We discovered that growth and development problems had the lowest confirmed rate of 113 (45.4%) and the longest mean duration before admission to the UDP, 14.7 ± 18.2 months, followed by the nervous system, 14.2 ± 14.5 months. The oncology and hematology system had the shortest duration, at 4.3 ± 7.9 months. The mean days to diagnosis following UDP admission for congenital multiple abnormality were the longest, 11.5 ± 12.9 days, and the shortest, 8.1 ± 4.5 days (Table 2). The metabolic diagnostic rate was the greatest, at 41.3%, while the rheumatic and immune system diagnosis rate was the highest, at 82.9%.
Table 3 displays the genetic mutations discovered in this UDP project. The most commonly found gene mutations in UDP was ABCD1, IGHMBP2, ATM, CSF1R, SLC25A1 and ACSF3 (Table 4). Adrenal leukodystrophy (ALD) is a rare genetic metabolic disease caused by a mutation in the ABCD1 gene on the X chromosome, which results in the inability to metabolize extremely long chain fatty acids (VLCFA) normally, resulting in the gradual loss of white matter in the nervous system and adrenal cortex degeneration. The majority of patients with cerebral type (cALD) develop total paralysis or possibly death within a short amount of time. SMARD1 (autosomal recessive spinal muscular atrophy with respiratory distress) is a severe form of spinal muscular atrophy that damages the diaphragm and can cause respiratory distress. A recessive mutation in the IGHMBP2 gene causes this condition. The ataxia telangiectasia mutated gene is a critical gene in DNA damage testing. It was discovered in patients with telangiectatic ataxia, and about 1% of the population had heterozygotes with ataxia-telangiectasia mutated (ATM) deficiency. CSF1R gene linked leukoencephalopathy is a rare autosomal dominant inherited leukoencephalopathy characterized by increasing neuropsychiatric and motor symptoms. Imaging results include diffuse white matter degeneration, corpus callosum thinning, and brain tissue calcification. Primary axonal degeneration and myelin sheath loss are pathological features. Children with congenital myasthenia syndrome (CMS) caused by the SLC25A1 gene have an early onset, are generally intellectually impaired or delayed, and have metabolic problems. The R247Q and V49M genotypes are repeatable. Mutations in the ACSF3 gene cause methylmalonuria, a rare autosomal recessive condition characterized by an increase in methylmalonic acid (MA) and malonic acid (MMA) levels in the urine. This gene encodes an enzyme that is involved in the production of fatty acids.
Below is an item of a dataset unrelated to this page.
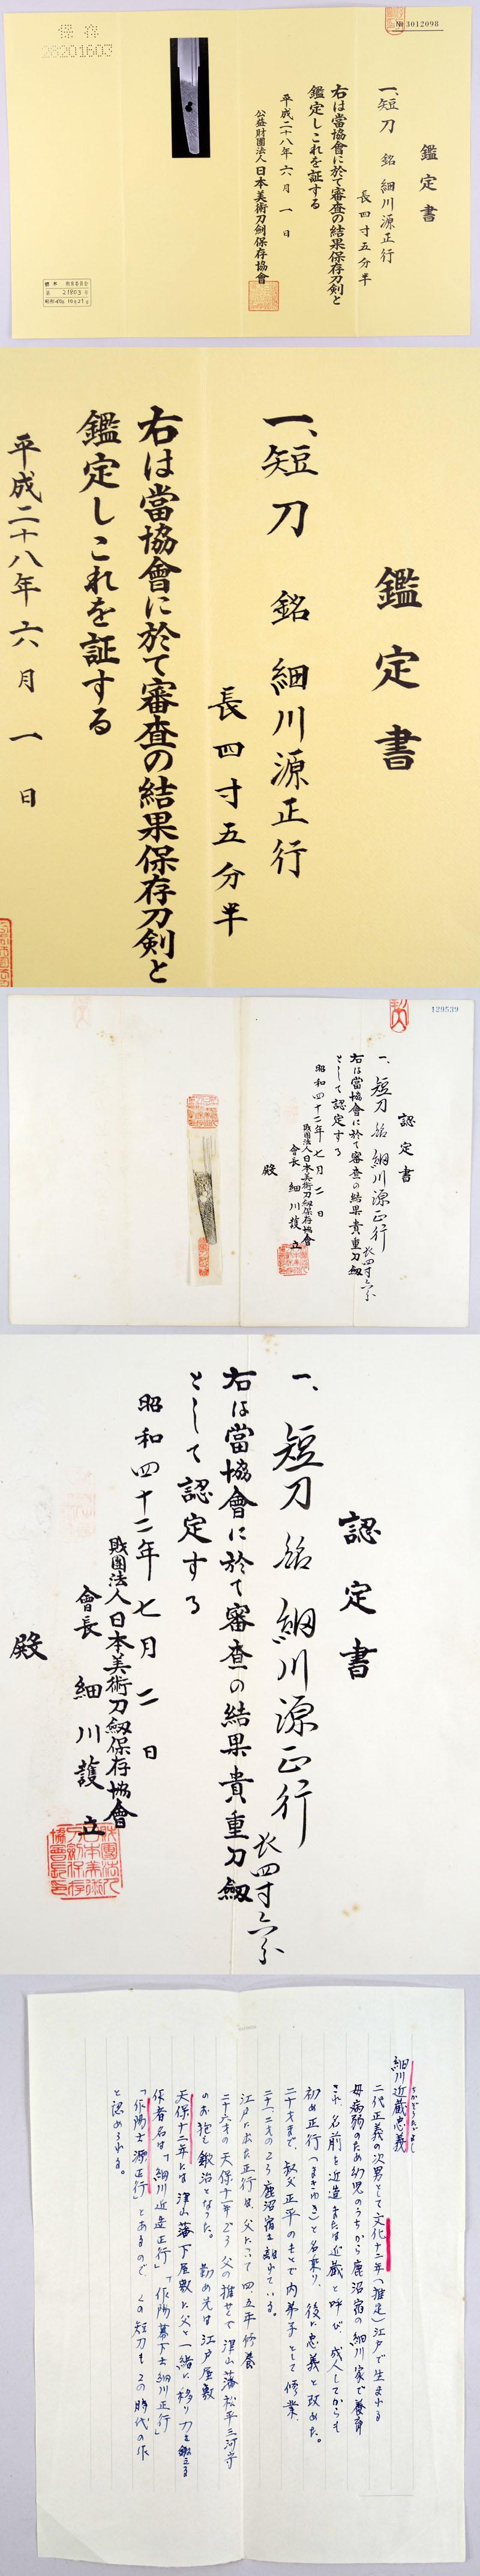 細川源正行 (細川忠義) Picture of Certificate

After UDP discussion, 501 of the 758 patients that joined the UDP received preliminary diagnosis. After genetic and other laboratory tests, 36 of them were misdiagnosed. The success rate for diagnostics was 61.3%. There were 257 cases that were not confirmed by UDP discussion, and 27 were confirmed by genetic and other laboratory tests. In the context of UDP method evaluation, positive gene test is taken as the golden standard. Sensitivity indicates how likely an UDP method is to diagnose an unknown disease when patient has a positive gene test. Specificity refers to the ability of an UDP method to rule out the presence of a disease in someone who has a negative gene test. Positive predictive value (PPV) is the number of correct positive results of an UDP method by the total number of positive results. Negative predictive value (NPV) is the number of correct negative results an UDP method gives divided by the total number of negative results. As a result, the UDP method has a sensitivity of 94.5%, a specificity of 86.4%, a PPV of 92.8%, and an NPV of 89.5% (Table 5).
Illustrative cases
Ending the diagnostic odyssey
A six-year-old youngster was admitted to UDP. For the first 8 months, she had a neck lump and a fever. She was seen at two different children’s hospitals and had a battery of laboratory tests performed, including infection testing, rheumatology testing, and blood cancer testing. Despite being diagnosed with persistent Epstein–Barr virus infection, these extensive evaluations failed to establish the true cause. Additional results such as reductions in immunoglobulin G and M, CD4 and CD 8 cells were discovered after UDP admission and reevaluation at our hospital. The expert consortium suspected immunodeficiency disorder, such as primary immunodeficiency disease, and did gene analysis. As a confirmative diagnosis, compound heterozygous mutations in PIK3CD c.2869C > T, p.Arg957TrP were discovered.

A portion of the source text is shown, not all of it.